Return the whole listing unchanged. Drop the images.

--- Collected data Enclosed Below ---

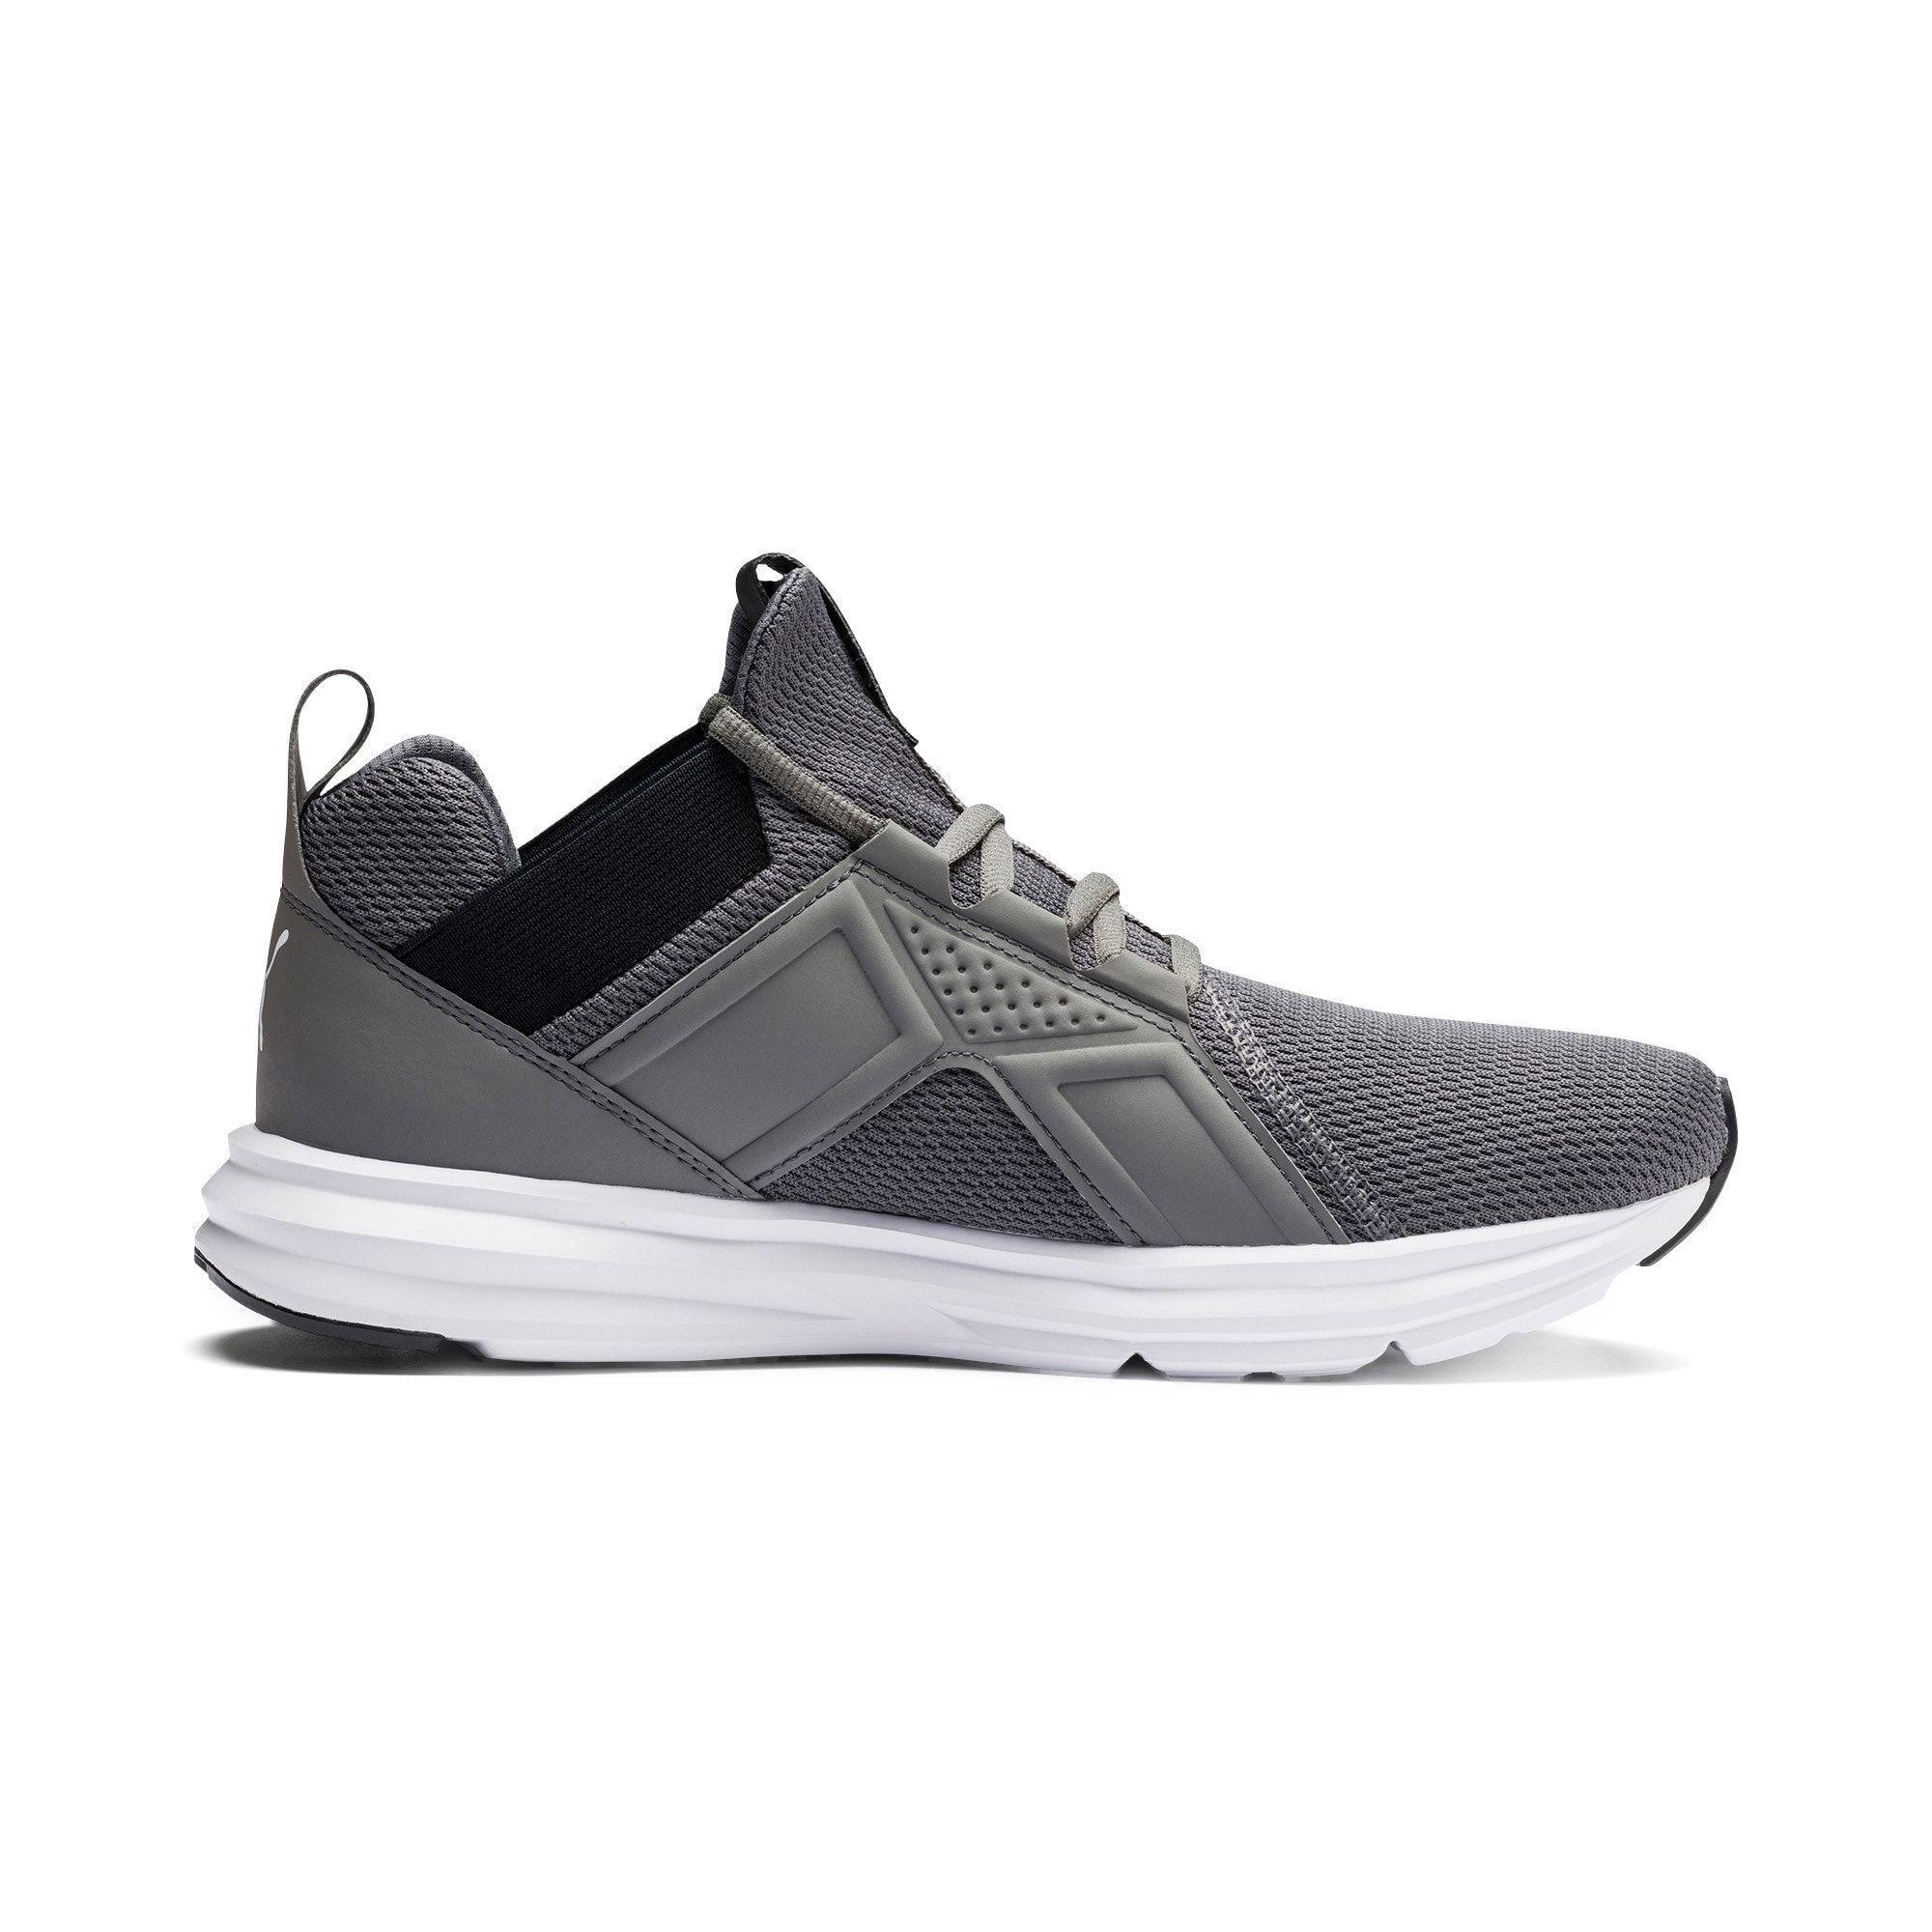 enzo #grey #mens #puma #running #shoes
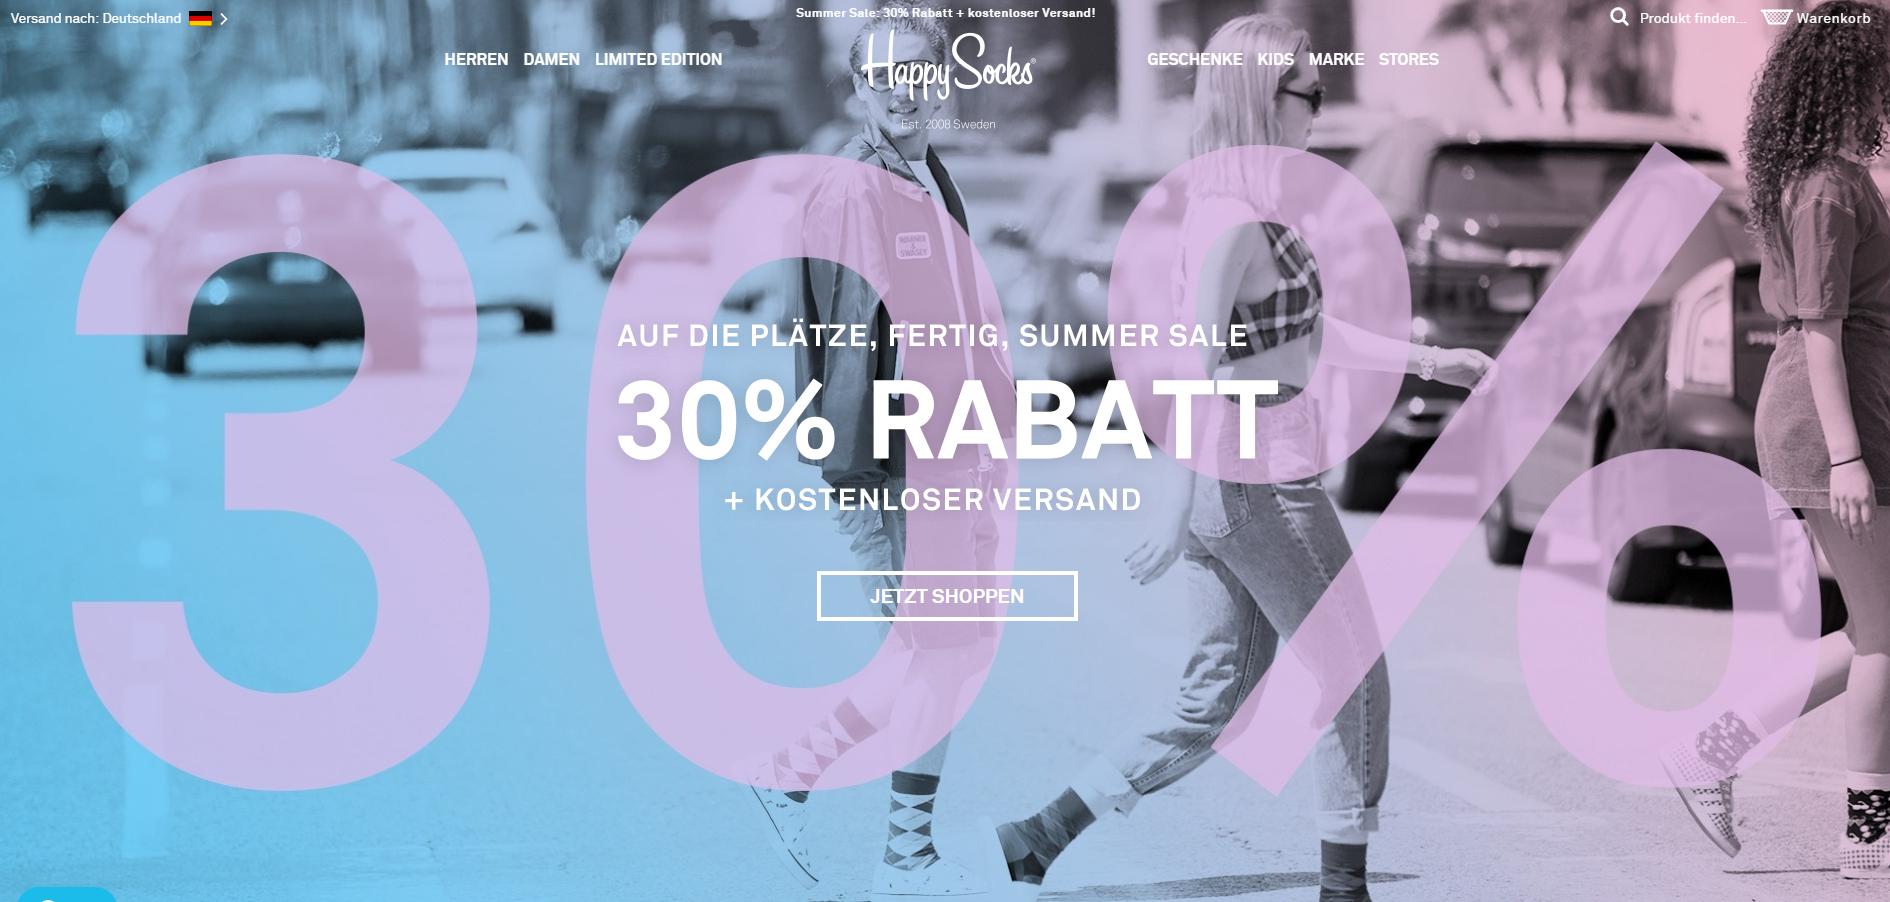 30% Rabatt + 10% Newsletter + kostenloser Versand bei Happy Socks
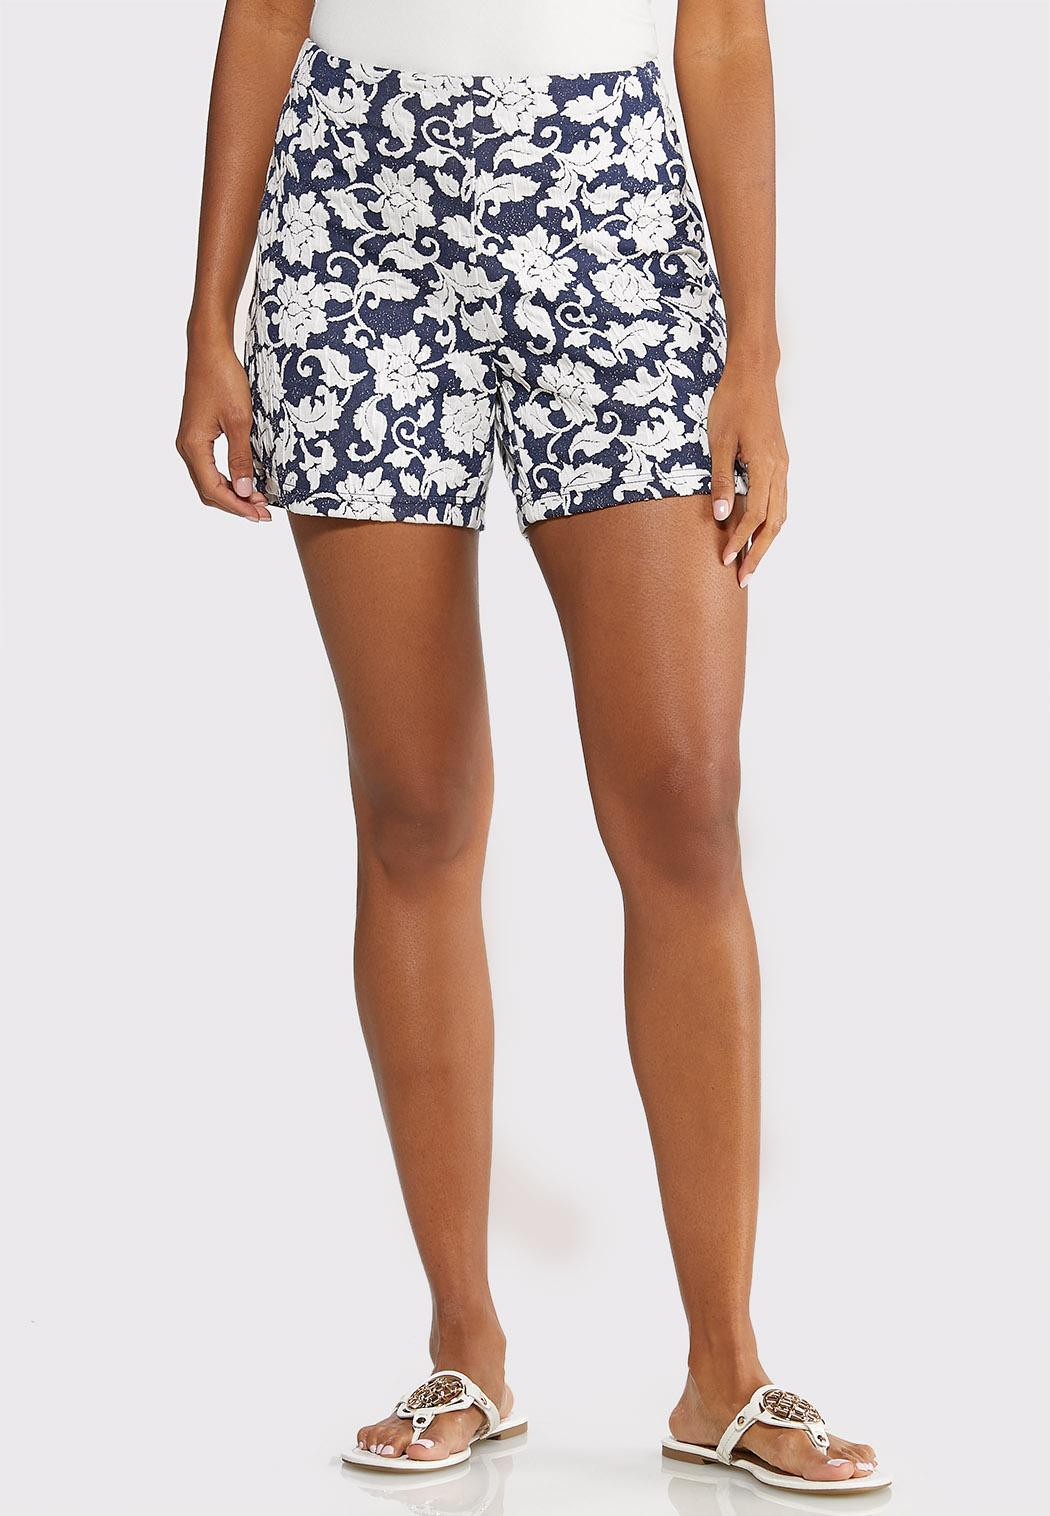 6afa6ed7 Women's Shorts
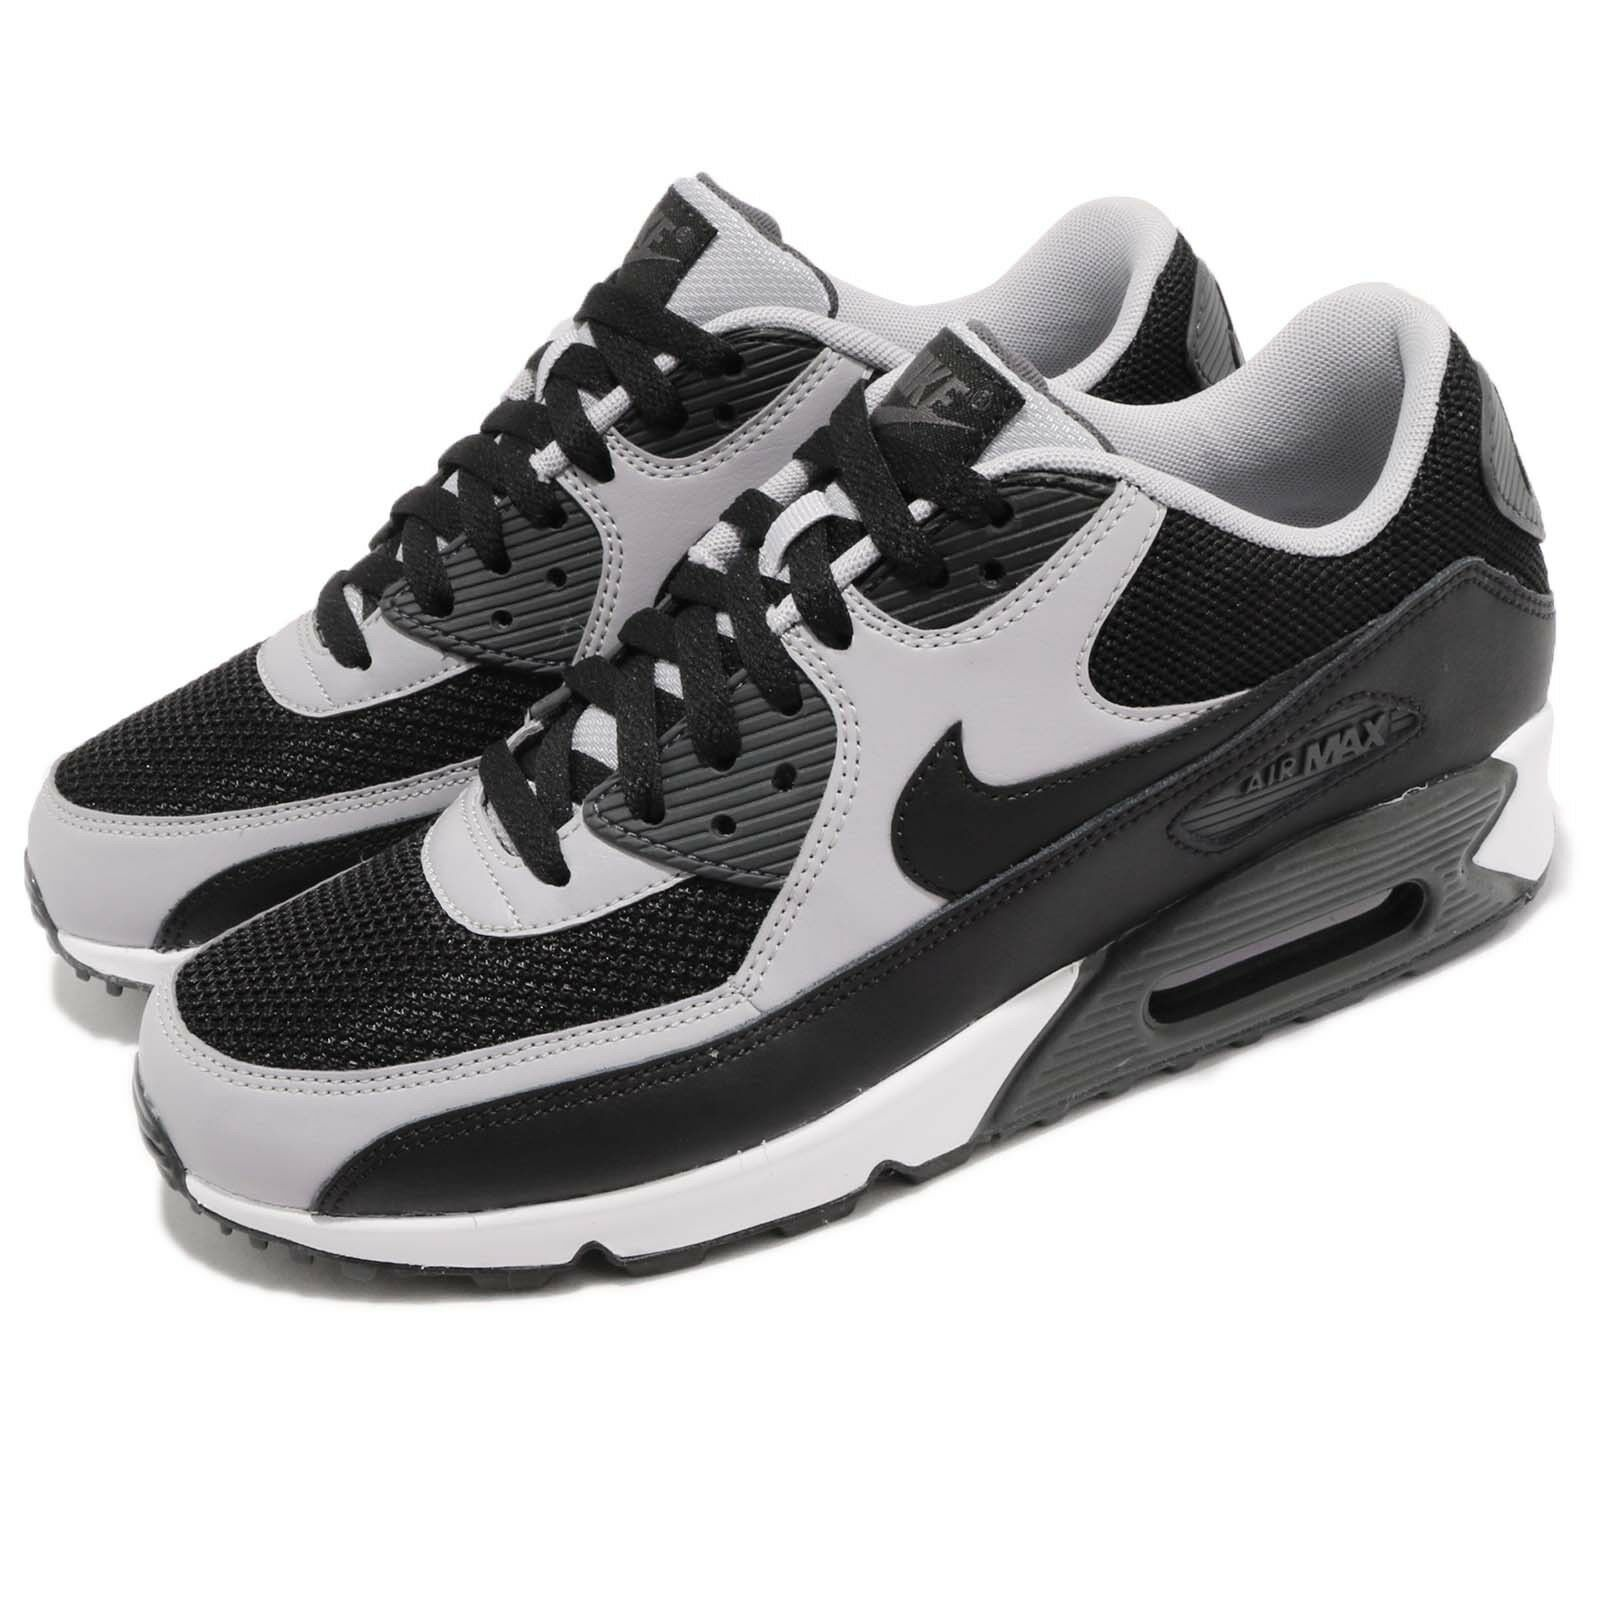 Nike Air Max 90 Essential Black Shoes Wolf Grey Mens Running Shoes Black 537384-053 03f8c7

--- End of Enclosed Collected data ---

▸ Answer for this exercise:
 enzo #grey #mens #puma #running #shoes
 30% Rabatt + 10% Newsletter + kostenloser Versand bei Happy Socks
 6afa6ed7 Women's Shorts
 Nike Air Max 90 Essential Black Shoes Wolf Grey Mens Running Shoes Black 537384-053 03f8c7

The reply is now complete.